What Are Tolerances?
In short, tolerances are measurements that signify the level of precision needed for a part that you want to manufacture. Specifically, CNC tolerances indicate the degree of variation permitted in a custom machined part’s final dimensions or measured value.
CNC machine shops measure components by numerical values, typically preceded with a ± symbol. For example, you may assign a tolerance of ±0.001″ to a part measuring 2.550 inches in length. This would indicate that the manufactured part would have a variable length measuring between 2.549” and 2.551”. If a part measuring 1.5 inches in height needs a tolerance of ±0.005”, the final part should fall into the range of 1.495” and 1.505” to pass quality inspection.
Standard or non-standard tolerances in the drawing tell CNC machining services and mechanists what degree of precision to use when producing a part. The smaller the number—in the manufacturing world this is a tighter tolerance—the more precision is required. The larger the number—also called looser—the less precision you need.
Common Types of Tolerances in CNC Machining
1. Standard Tolerances
Machinists often adhere to standard CNC tolerances for commonly manufactured parts. This includes specific accuracy for elements like threads, pins, and pipes. Many milling services provide international standards of around +/-0.1mm, especially when customers do not specify their own tolerance levels. For a comprehensive view, refer to the detailed CNC machining chart. The scope of these standards is typically defined by various international organizations, including the International Organization for Standardization (ISO), the American Society of Mechanical Engineers (ASME), and the American National Standards Institute (ANSI).
2. Bilateral Tolerances
When employing bilateral tolerance, the deviation from the given dimension can be either negative or positive, allowing the part to be slightly larger or smaller than stated. An example is +/- 0.06mm, indicating that the machined part can be 0.06mm shorter or longer than the specified measurement. Such specifications are typically applied to exterior dimensions.
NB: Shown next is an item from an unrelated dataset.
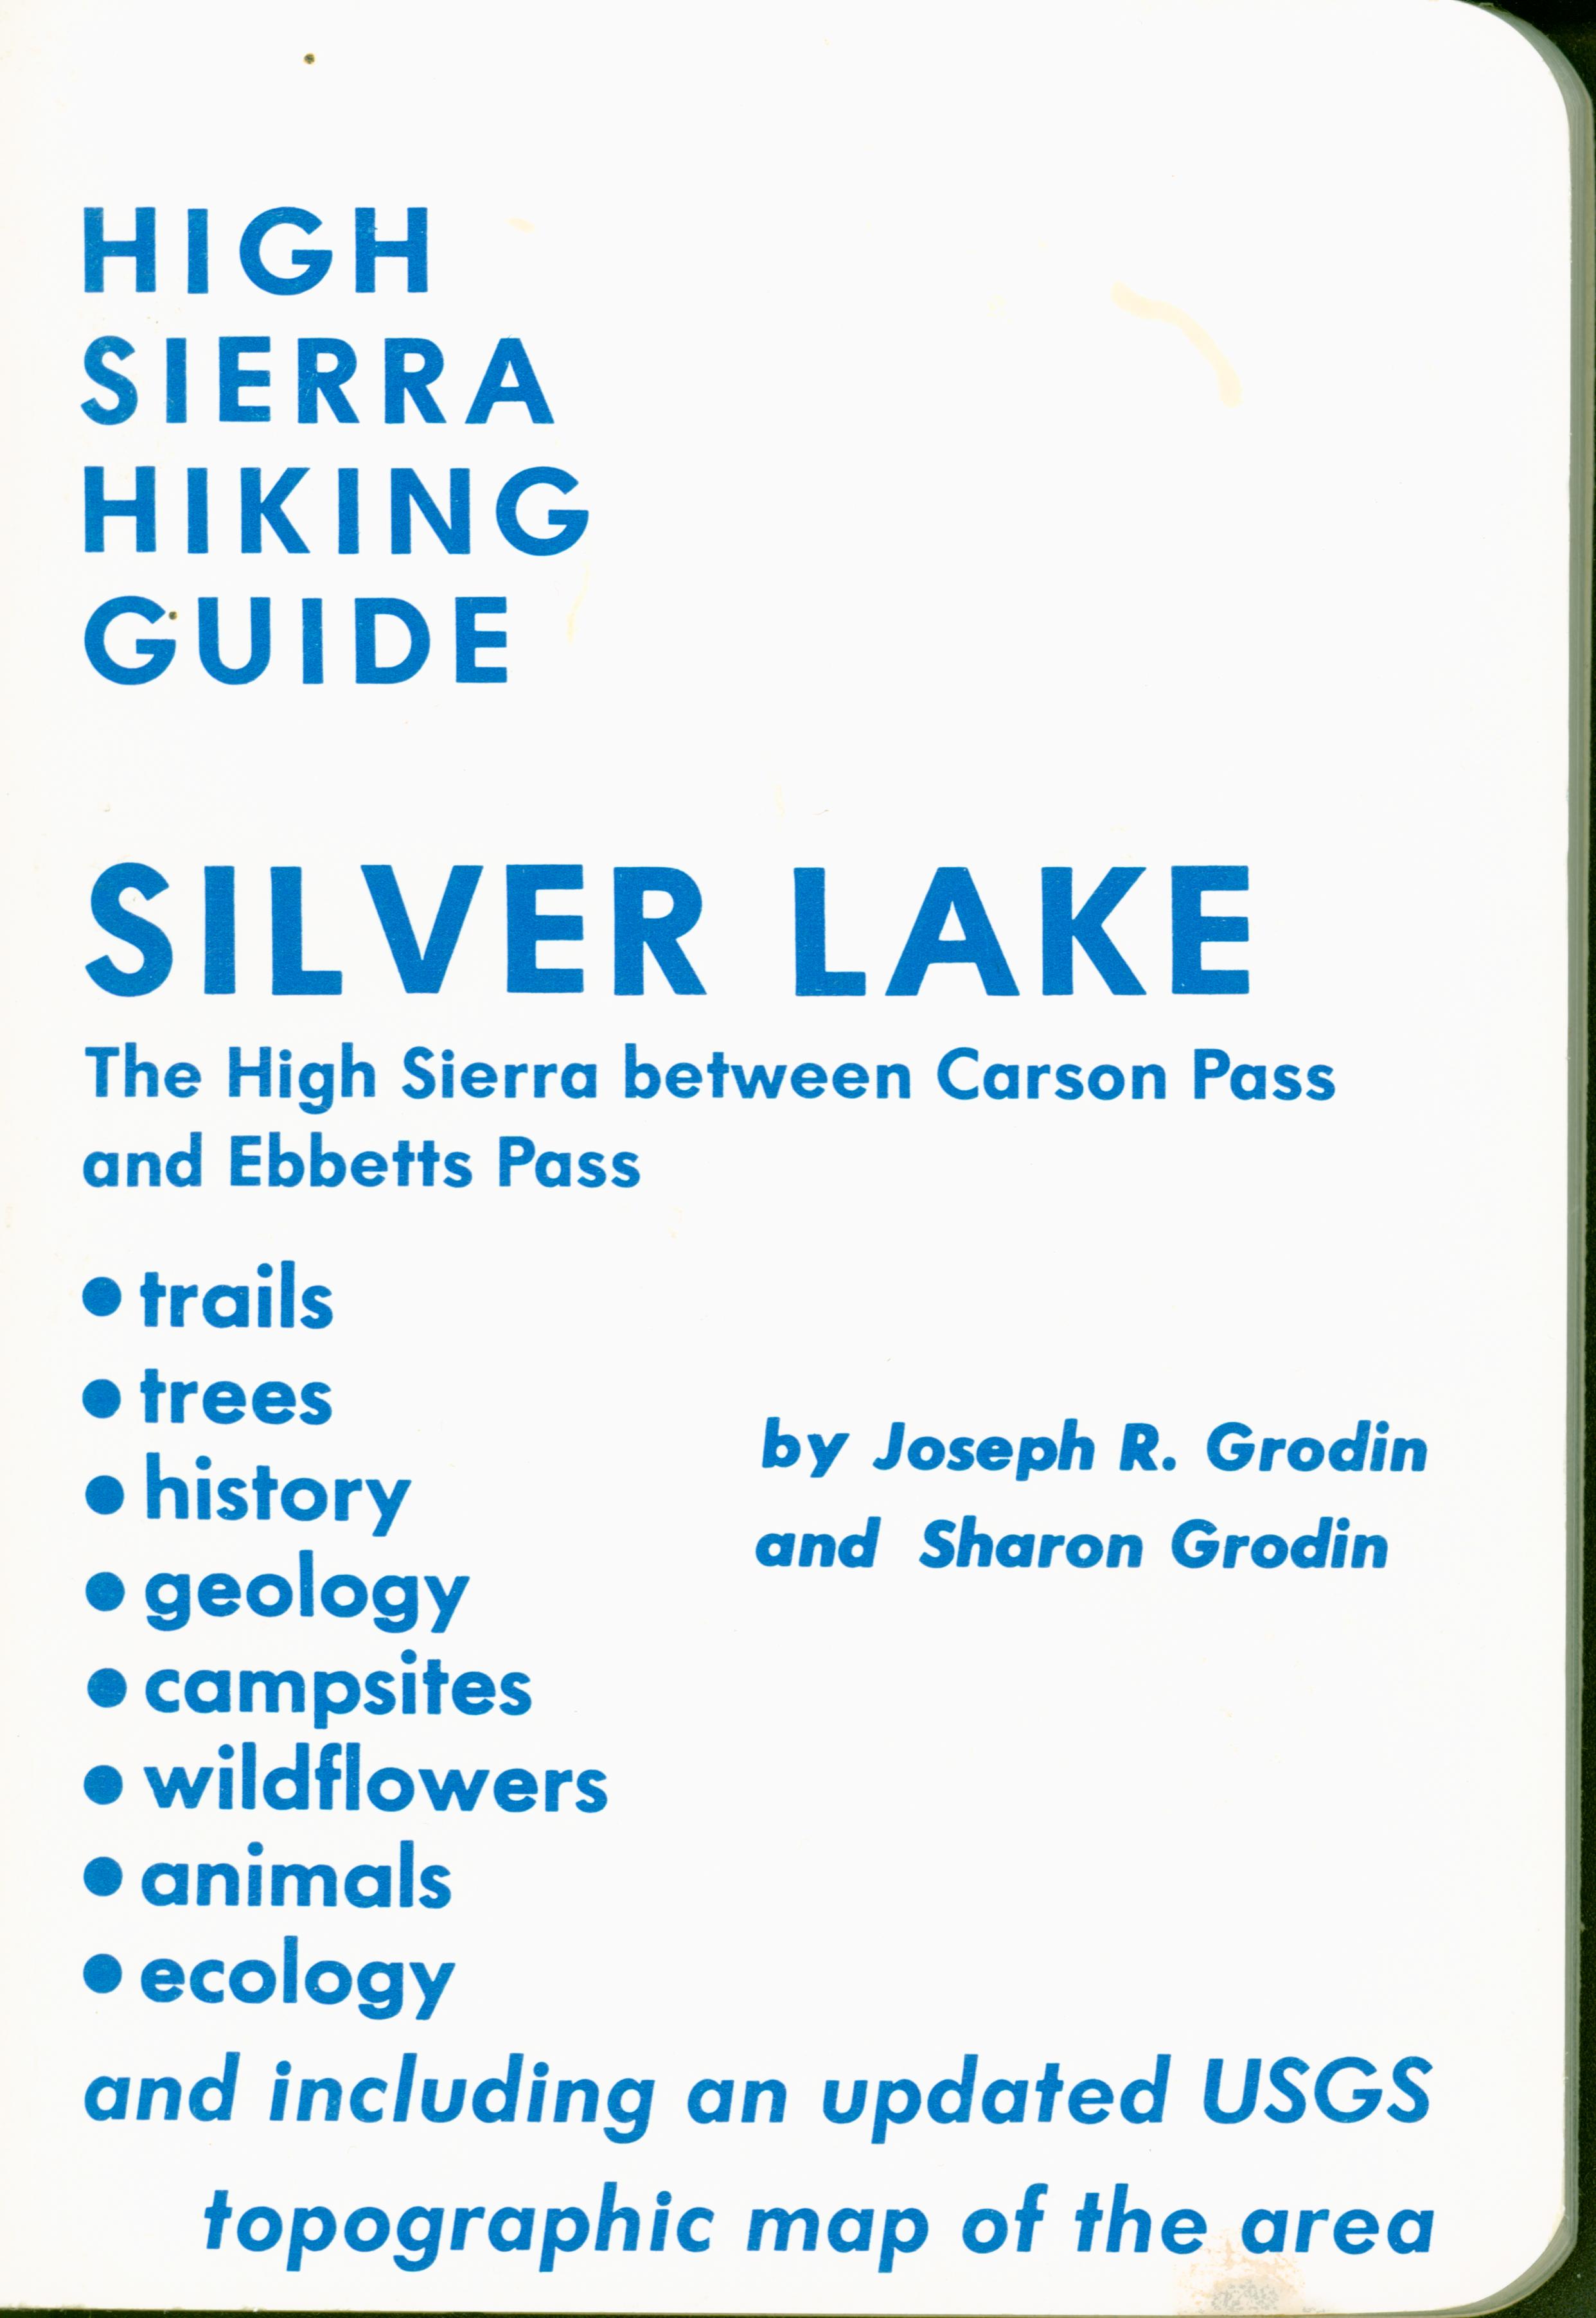 SILVER LAKE: High Sierra Hiking Guide #17; the High Sierra between Carson Pass and Ebbetts Pass (CA). 
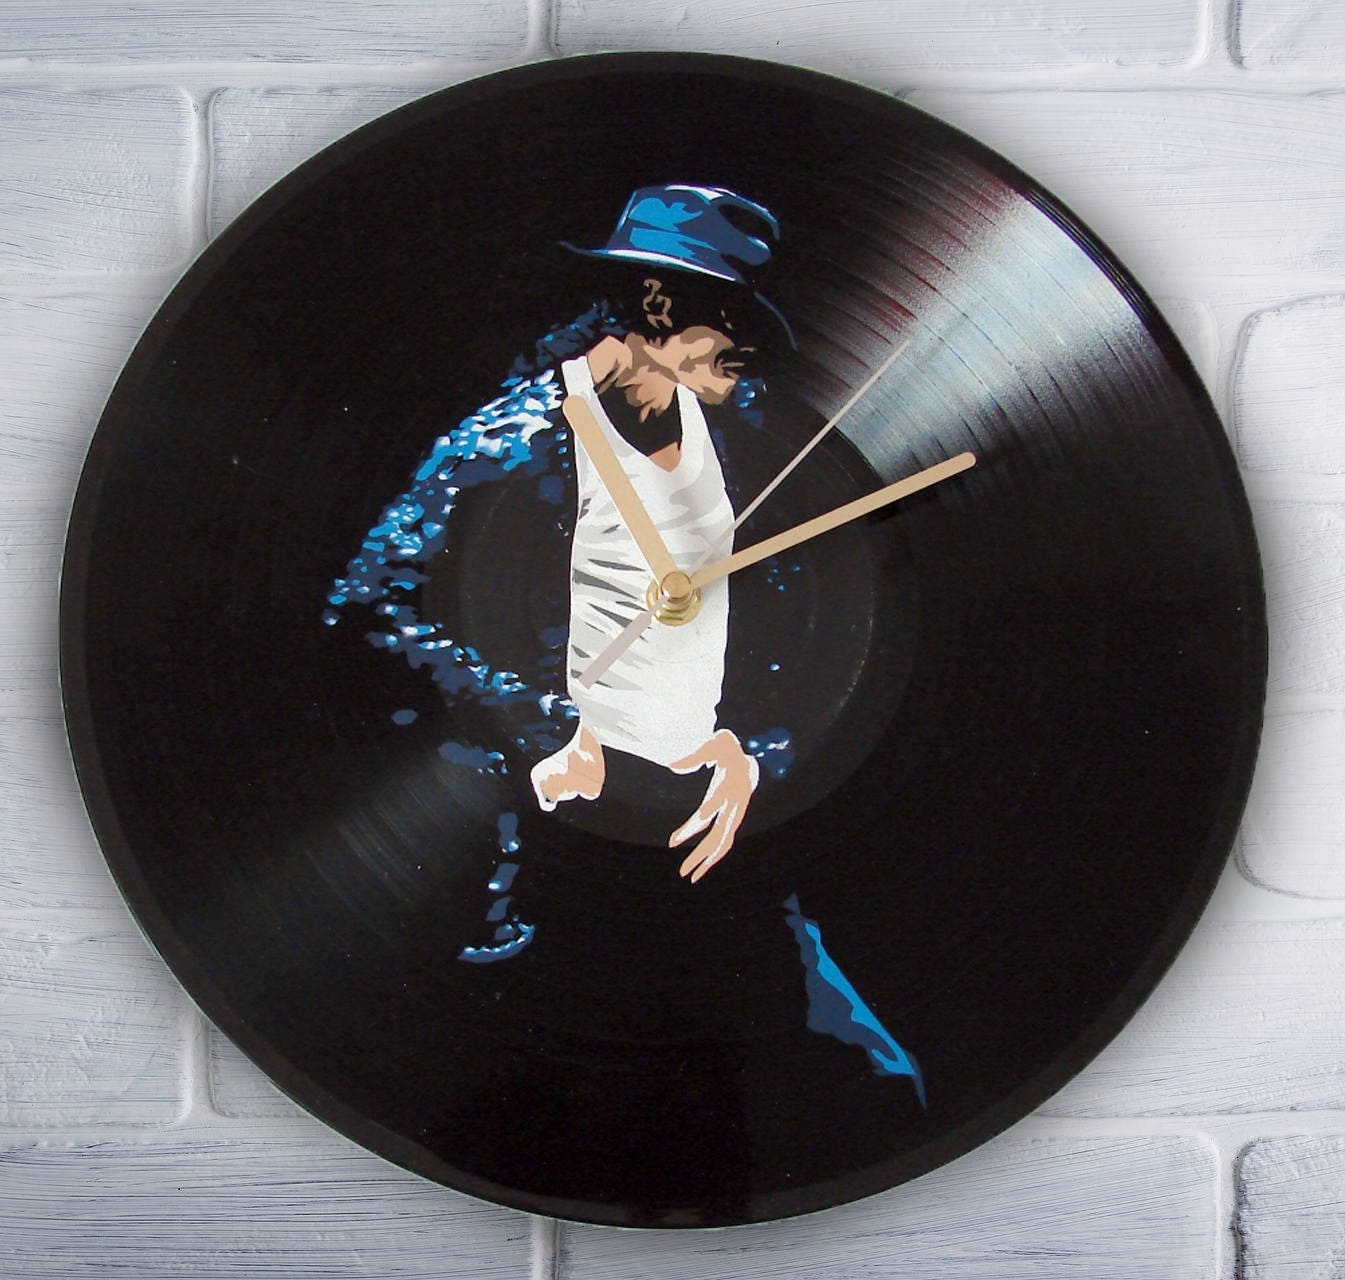 Michael Jackson Moonwalk Painted Vinyl Record Clock image

3. Geometric Dimensioning and Tolerancing
GD&T tolerances are much more thorough than the other systems of machining tolerances. It highlights the measurements and allowable deviations. It also outlines specific geometric characteristics for the machined part such as how flat it should be, its concentricity, and its true position. GD&T tolerances are often used for parts that have extremely precise dimensions.
4. Unilateral Tolerances
Unilateral tolerances permit deviations exclusively in one direction, either only positive or only negative. For example, a tolerance specified as +0.00/-0.06mm indicates that the finished part can be up to 0.06 mm smaller, but not larger, than the stated measurement. Such tolerances are typically employed in designs where a part must fit into another component. Ensuring the part does not exceed the specified dimensions is crucial, as a larger size would prevent it from fitting into its intended position.
5. Limit Tolerances
A limit tolerance is expressed as a range of values, where the part is fine as long as the measurement falls between that range. 13 – 13.5mm for example is a limit tolerance for CNC machining indicating that the part must have a measurement that falls between the upper and the lower limit (13mm is the upper limit and 13.5mm is the lower limit).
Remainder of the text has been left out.